Я еще раз посмотрела на труп и с сожалением покачала головой:
– Сомневаюсь. Но специалисты разберутся…
– Хорошо, что у нас есть свой такой специалист! – несколько обрадовался мой внутренний голос.
– Хорошо-то хорошо, да ничего хорошего, – пробурчала я, с тоской осознавая неотложную необходимость первой сделать шаг к скорейшему и полнейшему примирению с капитаном Кулебякиным.
Иначе, чего доброго, под подозрение в убийстве может попасть еще один мой близкий друг, точнее – лучшая подруга: кроткая и безобидная Аллочка Трошкина!
Денис на своей машине приехал одновременно с операми и смотрел так сурово, что я не рискнула броситься ему на шею с поцелуями. И не больно-то хотелось нежничать, но это могло принести определенную пользу. Впрочем, суровые милицейские парни, видимо, и без того были в курсе некоторого особого отношения уважаемого эксперта-криминалиста Кулебякина к гражданке Кузнецовой Индии Борисовне и потому обращались со мной бережно, хотя и без большой приязни. Примерно как с тухлым яйцом.

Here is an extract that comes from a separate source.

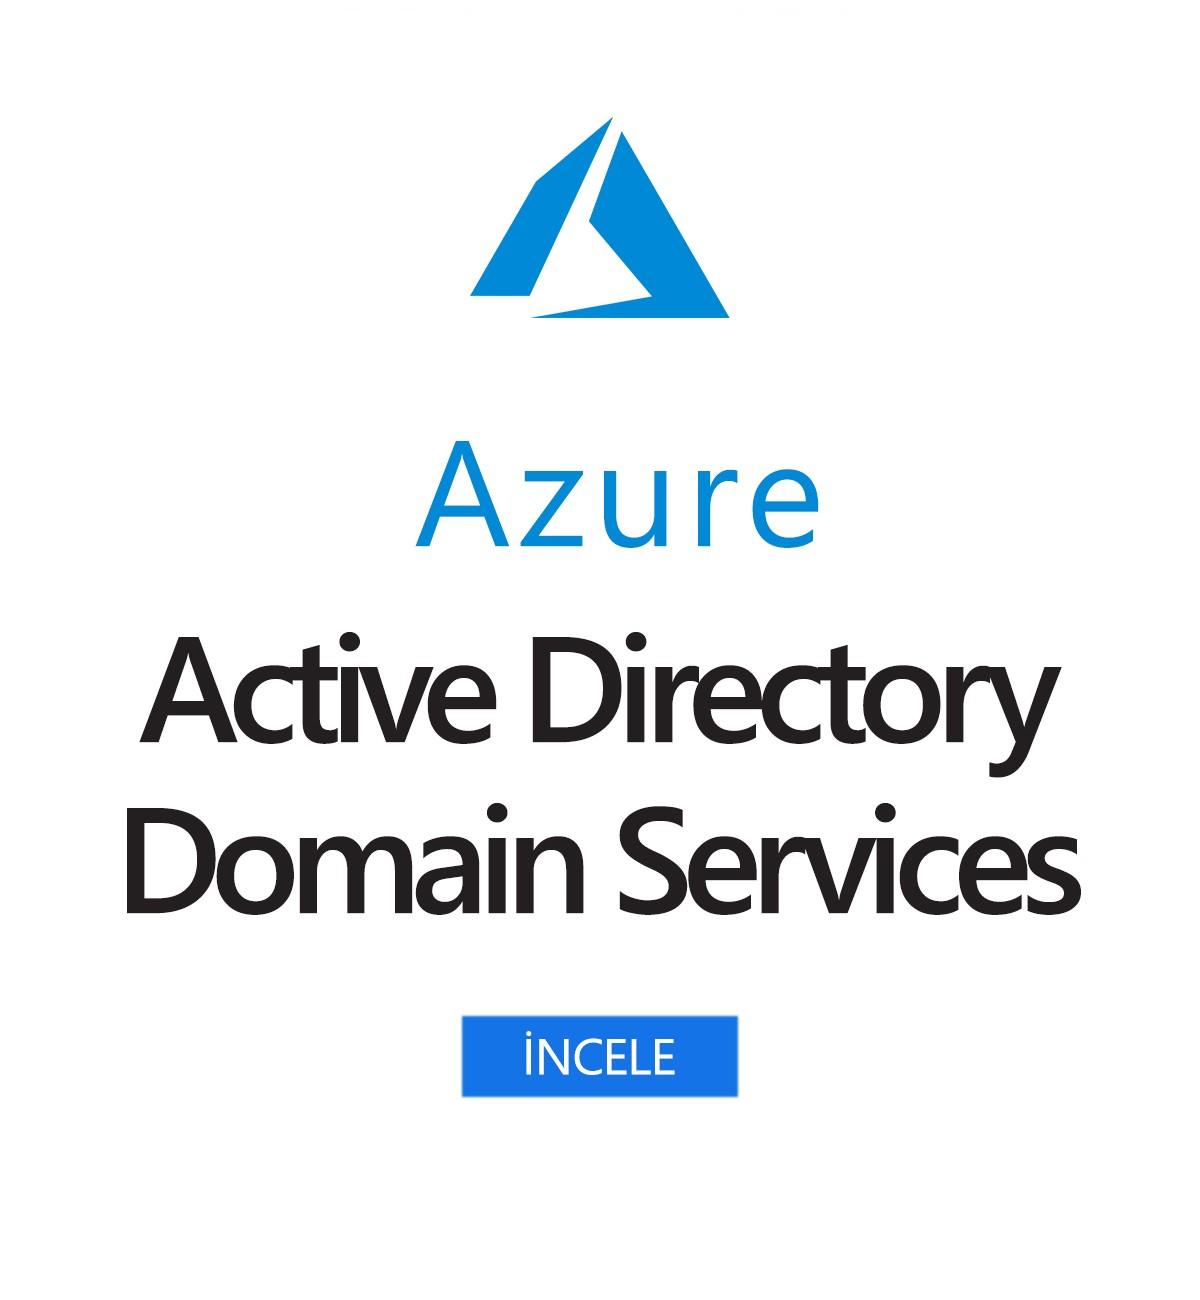 Azure Active Directory Domain Services
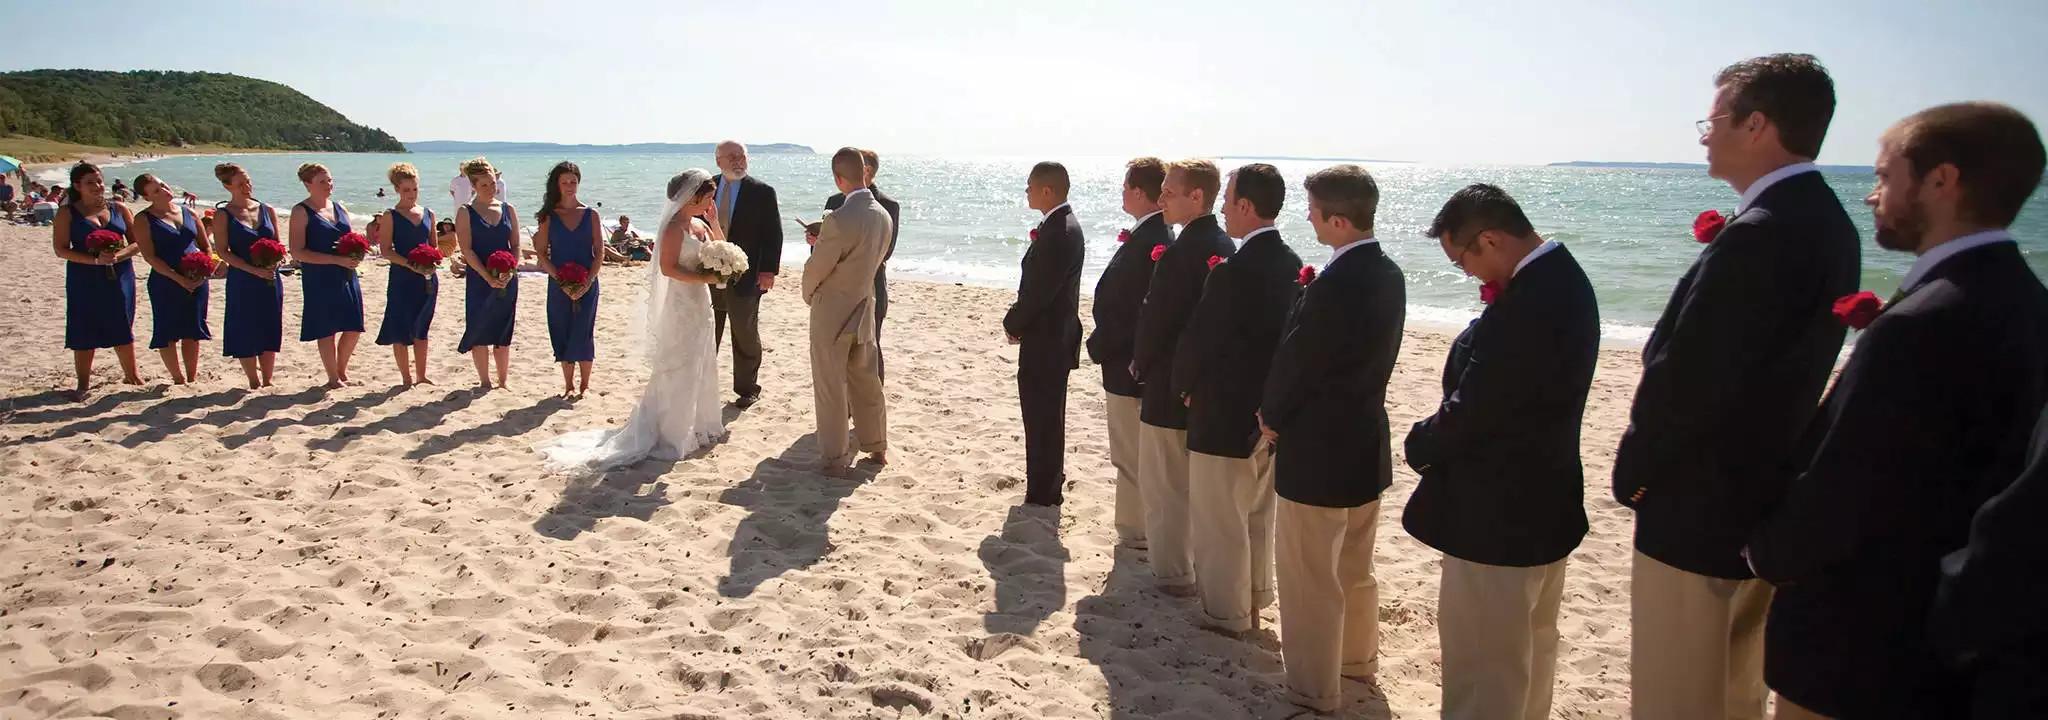 Traverse City Wedding Venues Resorts Hotels Beaches

Трошкину тоже никто не обижал. Да и кто бы смог обидеть маленькую хрупкую девушку в трогательной белой шубке? Алка вся сжалась и крупно дрожала, завывая и подпрыгивая на ступеньке, как перегруженная стиральная машинка в режиме интенсивного отжима, пока Денис по-свойски не прикрикнул на нее:
– Хорош трястись, садись в машину, там тепло!
– Нет уж, я лучше тут! – отговорилась Трошкина, испуганно поглядев на теплый милицейский транспорт, способный с комфортом доставить пассажирку в места лишения свободы.
– «Приезжайте к нам на Колыму!» – «Нет, уж лучше вы к нам!» – по случаю вспомнила я.
Трошкиной очень сильно не хотелось на Колыму. Боясь, что ее обвинят в кровавом убийстве, она каждому из оперов персонально поклялась, что никого сегодня не убивала, и выразила подкупающую готовность помогать следствию как угодно. Например, материально. Тут я смекнула, что моя неразумная подружка фактически предлагает лицам, находящимся при исполнении служебных обязанностей, денежную взятку, что тянет на отдельную статью Уголовного кодекса, и предостерегающе шепнула дурочке:
– Знаешь, куда доведет тебя длинный язык?
– До Киева? – робко предположила Алка, хорошо знакомая с народными пословицами.
– Нет! До Магадана!
Тогда Трошкина прикусила язычок, спряталась за мою спину и так и ходила за мной, как боязливый теленок за мамой-коровой. А я пыталась уследить за тем, что делают опера, и не зря: кое-какие их действия следовало пресекать на корню.